Throughout the narrative the Dreyfusards have to battle against an extremely anti-Semitic press led by Édouard Drumont and his paper La Libre Parole. The paper does not just attack the Dreyfusards but also the army if it is seen to be too lenient towards the Jewish people. Drumont believes that Jews are all part of a ‘syndicate’ which includes Protestants, Free Masons, bankers etc. and which is out to take control of France and enslave Catholics. Anyone who is lenient towards Jews are soon accused of being on the syndicate’s payroll.
I don’t intend to describe every detail of the Dreyfus Affair as it gets very complicated, but it starts out quite simply: a note is retrieved from a wastepaper basket in the German embassy that suggests that a French officer is passing military secrets to the Germans; they soon narrow the list of likely officers down until they get to Dreyfus and when they compare his handwriting to the note it looks similar enough for them to arrest Dreyfus. Du Paty, who ends up being one of the main villains in the whole story, is an amateur handwriting expert and it is his persistance that drives the case against Dreyfus. When more experienced handwriting experts look at the evidence they don’t quite agree. With so little evidence it is uncertain why General Mercier decided to continue with the prosecution of Dreyfus. Read suggests that he may have been frightened of La Libre Parole finding out that he’d dropped a treason case against a Jew, or it may have been that he wanted to appear as a strong leader. Read doesn’t believe that at this stage the prime motive for advancing the case was anti-Semitic, as such.
On 15th October 1894 Dreyfus was officially arrested. Dreyfus declares his innocence throughout and those hoping to prosecute him have nothing more to go on than the comparison of his handwriting with that on the note. This is, for me, the first time where the military missed an opportunity to exit from the debacle. At this stage even du Paty suggests that if the evidence is too weak then they must let him go. So what do they do? Well, General Mercier basically fabricates a ‘secret dossier’ on Dreyfus. But why? Read suggests that it was Mercier’s fear of the anti-Semitic press and of losing prestige amongst his colleagues that drove him to do this:
The die was cast. If Mercier were now to free Dreyfus, he would be accused, as in the case of Schulmann, of being in the pay of the Jews. He would also lose face with his cabinet colleagues, particularly the Foreign Minister Hanotaux, who had advised him to drop the case against Dreyfus.
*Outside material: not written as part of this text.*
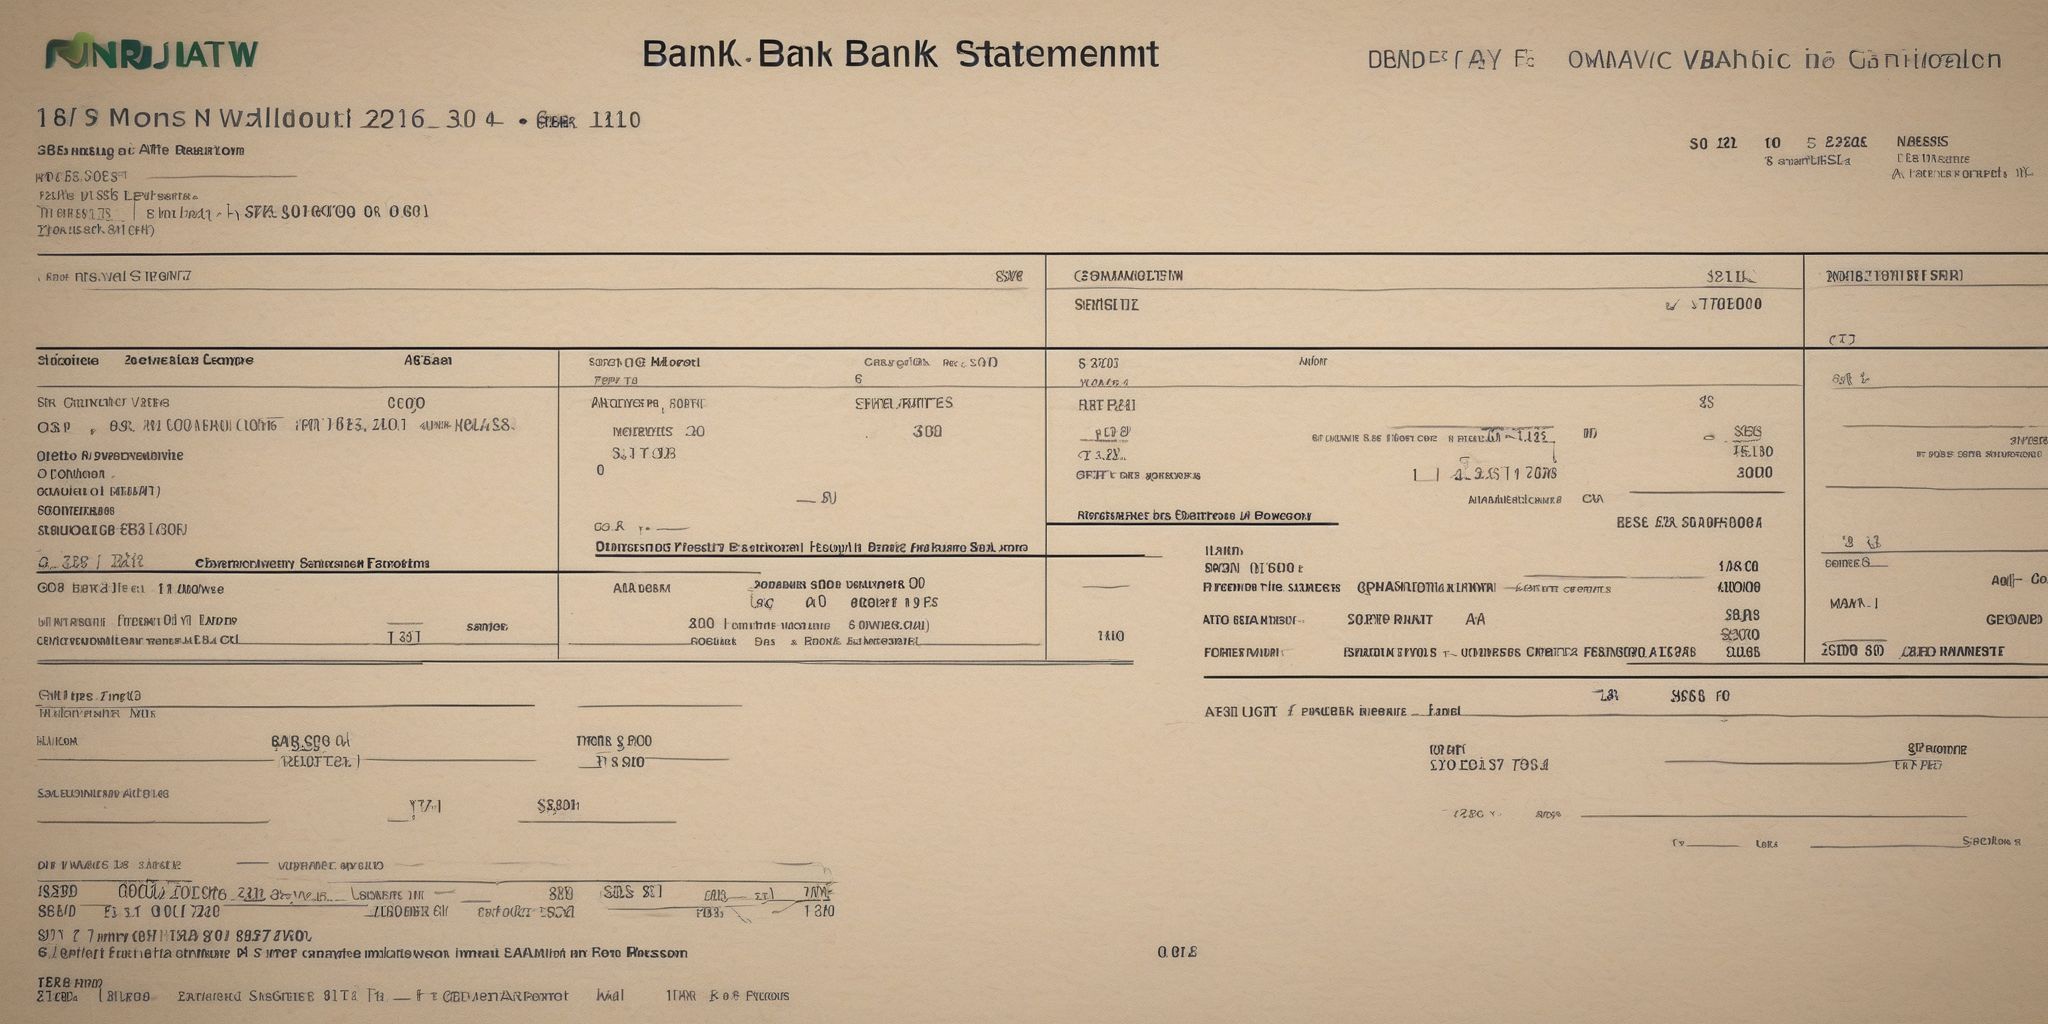 Bank statement  in realistic, photographic style

So Dreyfus was convicted of treason after the dodgy handwriting ‘experts’ had declared that the difference in styles was due to Dreyfus deliberatly disguising his style. Major Henry had stated that a ‘respectable person’ had accused Dreyfus and when this was still not enough to convict him they brought out the secret dossier which was viewed in private. Dreyfus was shipped off to Devil’s Island where he would live virtually in solitary confinement for five years.
We now enter the next stage of the Affair. Dreyfus’s brother Mathieu now spends all his time to try to prove his brother’s innocence but with little success. Meanwhile another officer, Picquart comes across a new piece of evidence, a petit bleu telegram, again from the German embassy, that has the exact handwriting as the original note and Picquart can prove that the real culprit was Major Esterhazy. So, this is another chance for the military to put things straight. Do they? No, they ship Picquart off to Tunisia to get him out of the way and fake some more documents.
Luckily enough the information is leaked and Mathieu gets to know the name of the real culprit and kick up a fuss. The military protect Esterhazy, even though they now know that he’s the traitor, and Esterhazy has to attend a court martial – he’s found to be not guilty of course! And Picquart is arrested and sent to prison for passing on military documents. So we now have two innocent men incarcerated and the guilty man protected by the military and shipped off to England. Read states:
It was clear that, whatever the evidence and however the clear the reasoning, the French were unwilling to accept that they were being deceived by the leaders of the one institution that retained their respect – the army.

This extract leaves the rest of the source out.